> **Goal of the exercise**:
For this exercise, write out the full listing that follows exactly and skip its pictures.

> **Stored data**:
------------------------------------

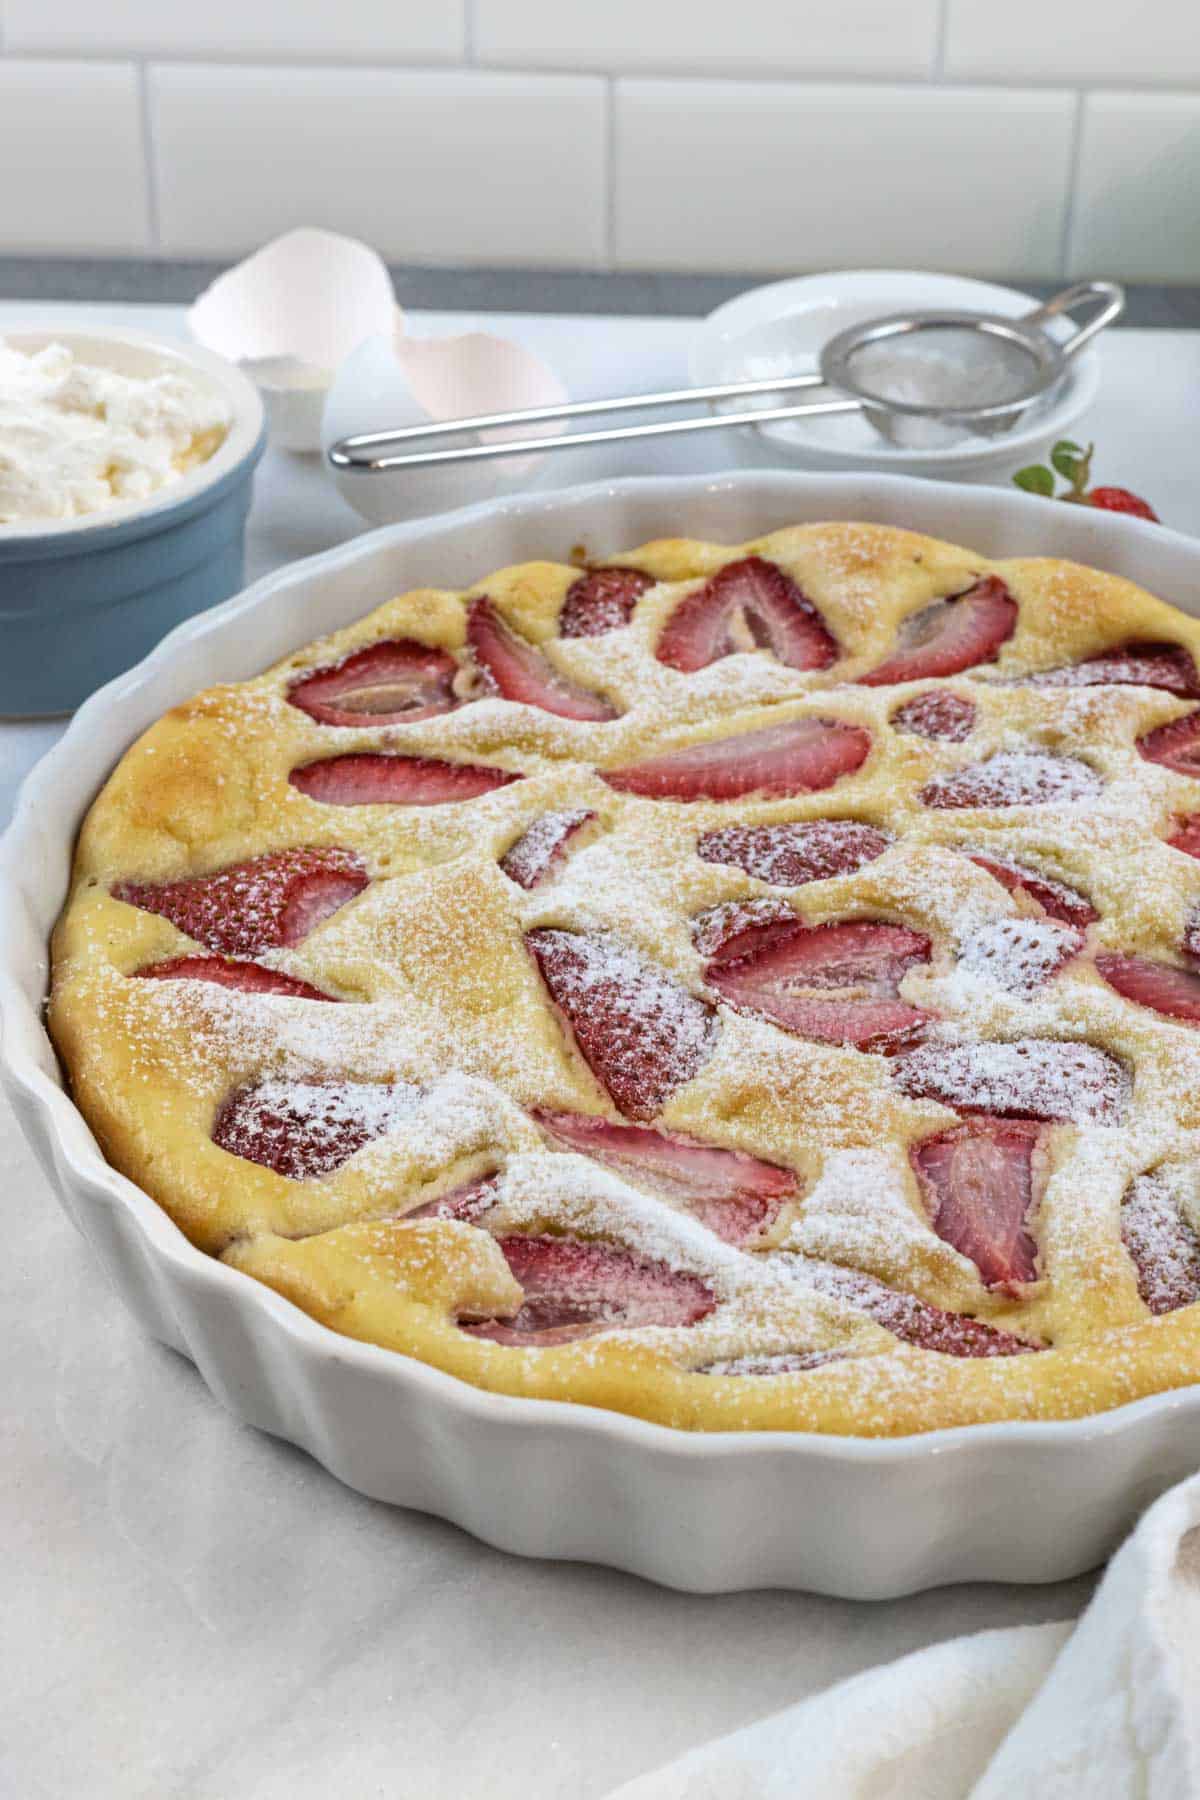 Baked clafoutis with strawberries in tart dish sprinkled with keto powdered sweetener and egg shell halves on the side.
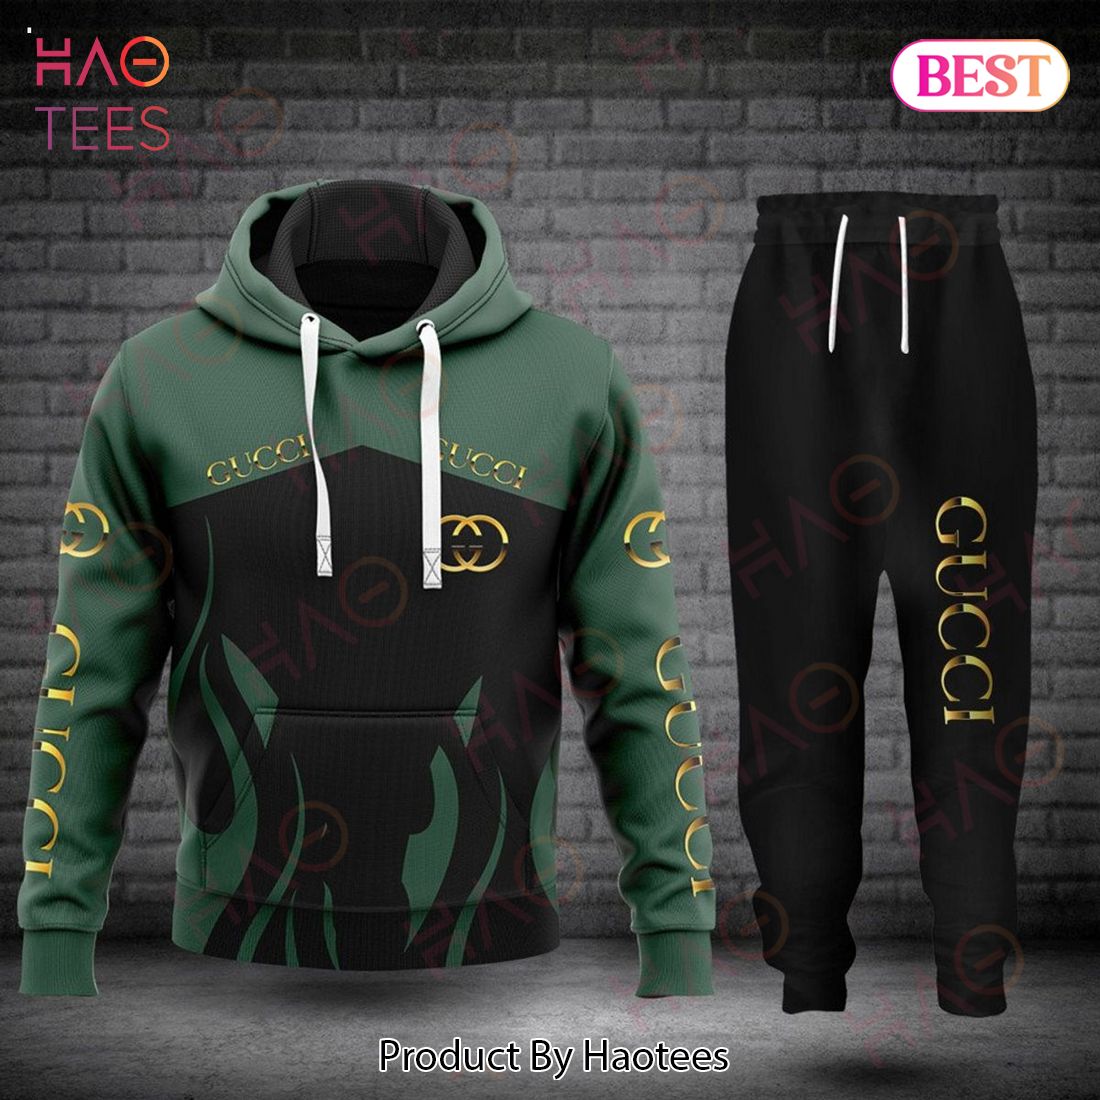 HOT Gucci Black Mix Green Luxury Brand Hoodie And Pants POD Design
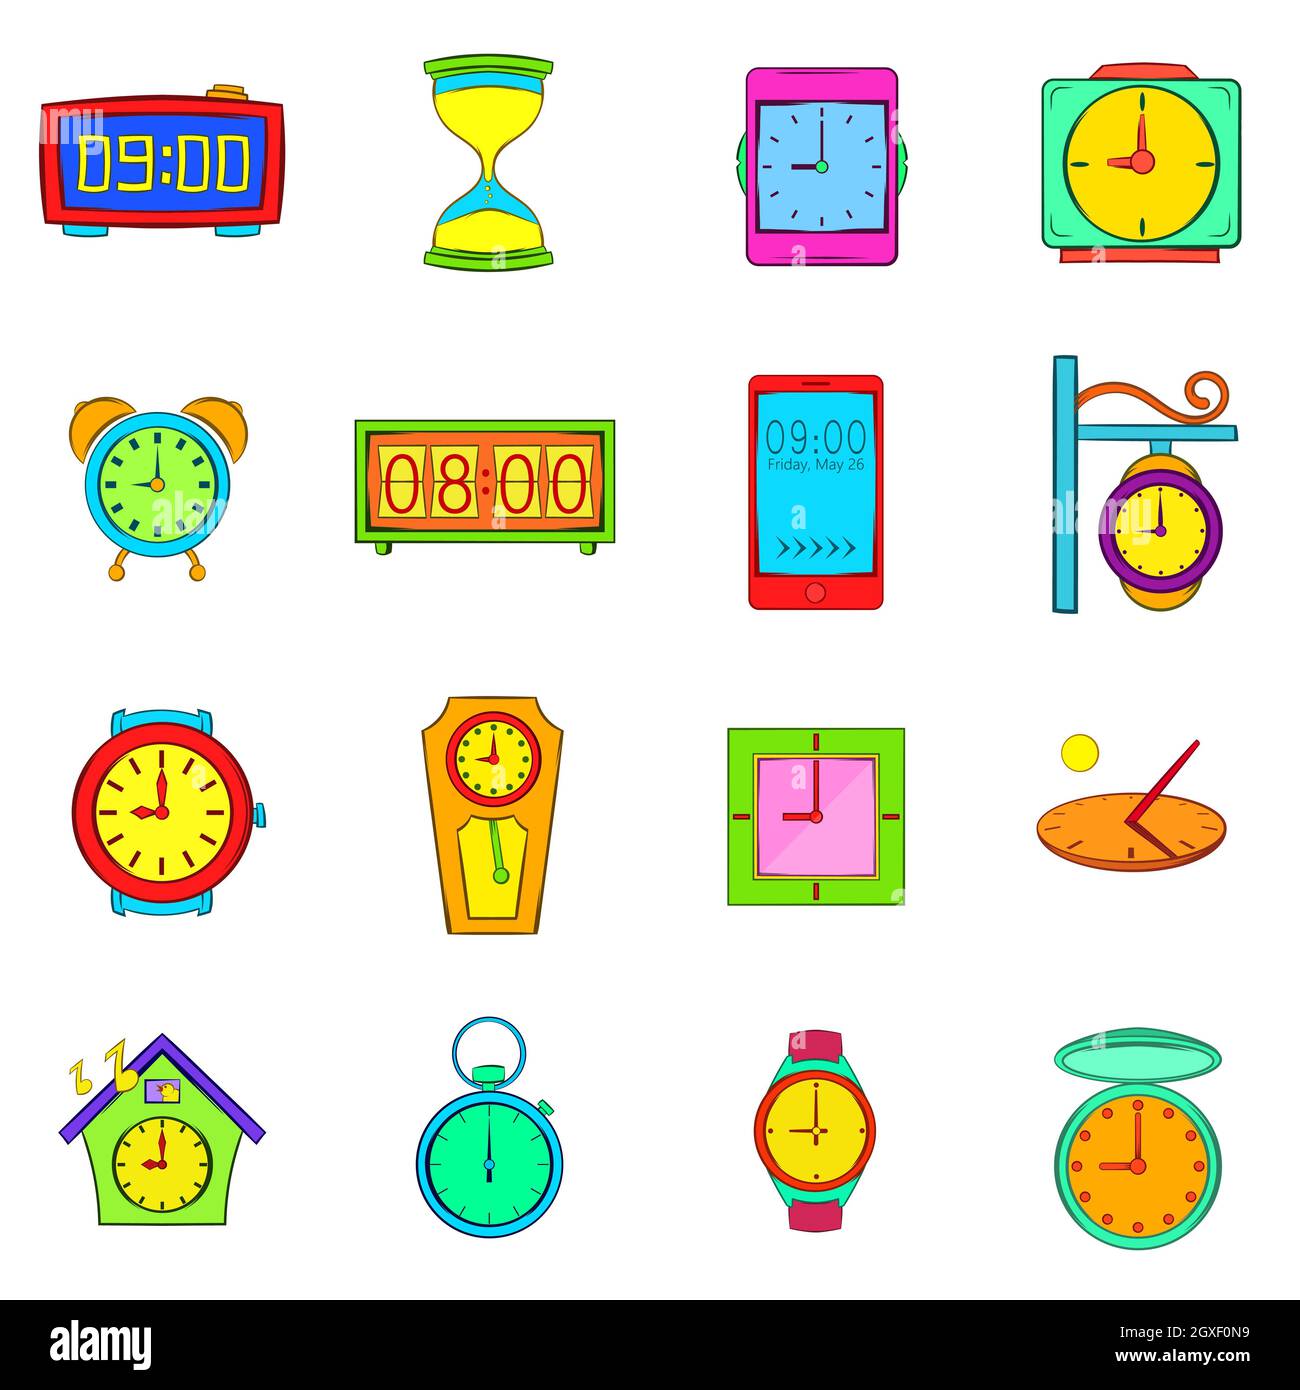 Time and Clock icons set in pop-art style isolated on white background Stock Photo

------------------------------------

> **Output**:
 Baked clafoutis with strawberries in tart dish sprinkled with keto powdered sweetener and egg shell halves on the side.
 HOT Gucci Black Mix Green Luxury Brand Hoodie And Pants POD Design
 Time and Clock icons set in pop-art style isolated on white background Stock Photo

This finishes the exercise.